- _EXERCISE_:
Go through the material and copy each line that includes "Image".

- _EXCERPTED DATA_:

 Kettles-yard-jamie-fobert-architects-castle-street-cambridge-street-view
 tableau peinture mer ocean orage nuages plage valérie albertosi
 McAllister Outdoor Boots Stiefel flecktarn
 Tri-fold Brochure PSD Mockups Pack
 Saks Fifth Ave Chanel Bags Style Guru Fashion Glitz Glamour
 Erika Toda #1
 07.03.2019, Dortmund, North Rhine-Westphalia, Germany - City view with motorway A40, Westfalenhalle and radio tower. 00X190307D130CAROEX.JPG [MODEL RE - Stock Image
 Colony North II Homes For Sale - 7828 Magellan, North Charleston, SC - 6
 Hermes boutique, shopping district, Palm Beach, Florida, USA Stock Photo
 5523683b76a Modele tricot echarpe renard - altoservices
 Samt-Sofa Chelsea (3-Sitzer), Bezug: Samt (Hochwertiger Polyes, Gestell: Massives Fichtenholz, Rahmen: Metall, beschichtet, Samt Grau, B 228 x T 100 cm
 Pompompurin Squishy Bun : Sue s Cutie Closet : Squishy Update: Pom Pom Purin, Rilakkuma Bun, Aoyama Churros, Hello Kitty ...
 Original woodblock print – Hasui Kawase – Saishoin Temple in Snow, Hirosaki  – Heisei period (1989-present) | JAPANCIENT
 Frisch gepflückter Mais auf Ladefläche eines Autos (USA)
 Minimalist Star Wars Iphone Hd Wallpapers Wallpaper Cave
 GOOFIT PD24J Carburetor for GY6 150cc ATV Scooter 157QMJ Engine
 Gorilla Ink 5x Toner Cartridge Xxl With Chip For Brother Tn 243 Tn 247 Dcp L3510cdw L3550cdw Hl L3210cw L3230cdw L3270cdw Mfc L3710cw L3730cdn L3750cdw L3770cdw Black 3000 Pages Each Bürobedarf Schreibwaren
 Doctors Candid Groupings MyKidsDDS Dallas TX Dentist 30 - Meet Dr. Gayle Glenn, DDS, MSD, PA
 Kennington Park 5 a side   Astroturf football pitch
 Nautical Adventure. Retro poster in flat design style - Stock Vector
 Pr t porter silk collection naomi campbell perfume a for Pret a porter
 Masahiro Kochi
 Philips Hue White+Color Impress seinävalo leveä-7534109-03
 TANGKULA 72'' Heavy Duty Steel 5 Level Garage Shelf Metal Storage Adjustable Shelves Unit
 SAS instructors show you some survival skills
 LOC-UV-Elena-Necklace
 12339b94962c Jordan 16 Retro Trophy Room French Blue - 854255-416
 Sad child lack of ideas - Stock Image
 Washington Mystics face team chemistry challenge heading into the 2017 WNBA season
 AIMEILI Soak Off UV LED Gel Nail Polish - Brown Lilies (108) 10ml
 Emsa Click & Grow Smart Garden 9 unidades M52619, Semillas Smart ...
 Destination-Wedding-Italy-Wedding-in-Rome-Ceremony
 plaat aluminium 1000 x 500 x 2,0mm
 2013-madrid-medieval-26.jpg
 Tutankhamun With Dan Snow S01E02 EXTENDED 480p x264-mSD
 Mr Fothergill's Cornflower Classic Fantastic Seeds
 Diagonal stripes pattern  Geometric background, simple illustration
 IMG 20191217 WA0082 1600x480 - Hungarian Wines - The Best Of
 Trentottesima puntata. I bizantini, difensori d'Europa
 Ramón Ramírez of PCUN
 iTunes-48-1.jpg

- _ANSWER SECTION_:
 07.03.2019, Dortmund, North Rhine-Westphalia, Germany - City view with motorway A40, Westfalenhalle and radio tower. 00X190307D130CAROEX.JPG [MODEL RE - Stock Image
 Sad child lack of ideas - Stock Image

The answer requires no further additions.